Seems the bailout plan has failed. Forget the political implications, as there were large contingents of both parties in the House that killed this. Right now, its impossible to know how the fallout will affect Obama and McCain...which is why both refused to answer the 1st question of the debate. Hopefully, a new and better plan can be hatched out, one with more emphasis on putting people back in their houses and more certain ways of paying for it.

One point that should be raised more forcefully is getting the banks to renegotiate with people that have been foreclosed on. Instead of dumping tax money to buy off bad loans that are worth 20-25% of their former value, make the banks and homeowners go to the courts to renegotiate at 50, 60, or 75% of the value. Or do a tiered structure that rates the loans...some may still be worth 20 cents on the dollar, but others may get a better return.

The second point is to place a small tax on derivatives that would let Wall Street pay this fucker off. Thom Hartmann has an excellent article that you can check out here or here. From the article....

For example, if we were to instate a .25 percent STET (tax) on every stock, swap, derivitive, or other trade today, it would produce - in its first year - around $150 billion in revenue. Wall Street would be generating the money to fund its own bailout.


This tax would also...

have the effect of "mitigating the predominance of speculation over enterprise."


And from the "those who ignore history are doomed to repeat it" file...

When rules limiting speculation were cut during the first big Republican deregulation binge during the administrations of Warren Harding, Calvin Coolidge, and Herbert Hoover (1921-1933), it created a speculative fever that led directly to the housing bubble of the early 20s (which started in Florida, where property values were going up as much as 70 percent per year, and then spread nationwide, only to burst nationally starting in 1927 as housing values began to collapse), then the falling housing market popped the stock market bubble and produced the great stock market crash of 1929. That speculation aggregated enormous wealth in a very few hands, crashed the housing and stock markets, and produced the Republican Great Depression of 1930-1942.
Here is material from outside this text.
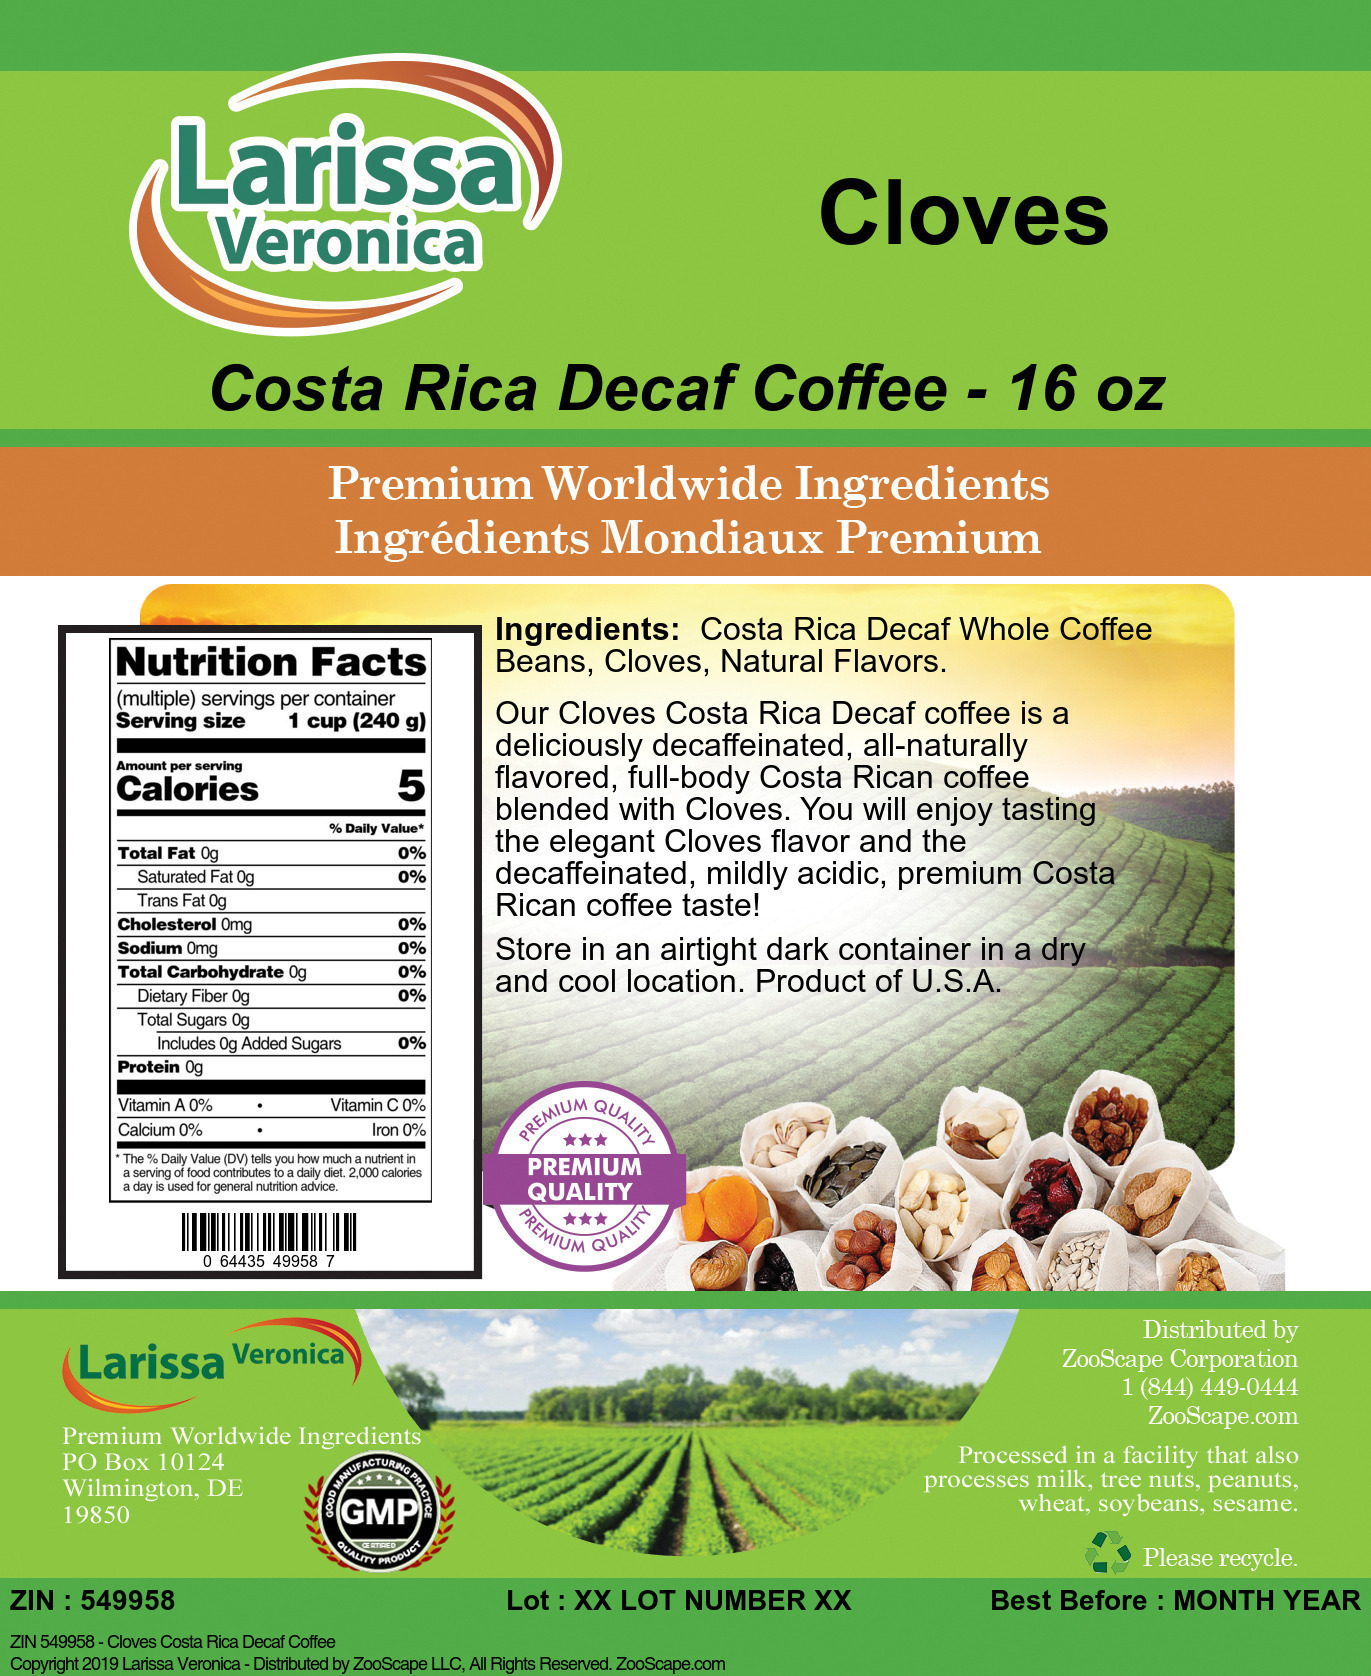 Cloves Costa Rica Decaf Coffee - Label

Franklin D. Roosevelt, as part of the New Deal, put into place a series of rules to discourage speculation and promote investment, including maintaining - and doubling - the Securities Transaction Excise Tax. Other countries followed our lead, and the UK, France, Japan, Germany, Italy, Greece, Australia, France, China, Chile, Malaysia, India, Austria, and Belgium have all had or have STETs.


How's this for a plan? Lets go the FDR route and re-regulate Wall Street BEFORE the crash occurs. Its not like this shit hasn't happened before.

2 comments:

crystal dawn said...

And yet, the rethuglican dillwads are playing politics. They are trying to sustain the fear in the markets so that McCain might actually close-in in points. No accident this "crisis" so happened to occur just two months prior to the election either.

arrozconpollo said...

Didn't you see Fox "News" last night? The Repubs only voted against it because Nancy Pelosi made them cry!! Someone named Nancy from San Francisco hurt der wittle feelwings, poor buhbies :(

This crisis is a self fulfilling prophesy. You get the President and Treas. Sec getting on the teevee to tell us that financial collapse is imminent. How is that going to help investors' confidence??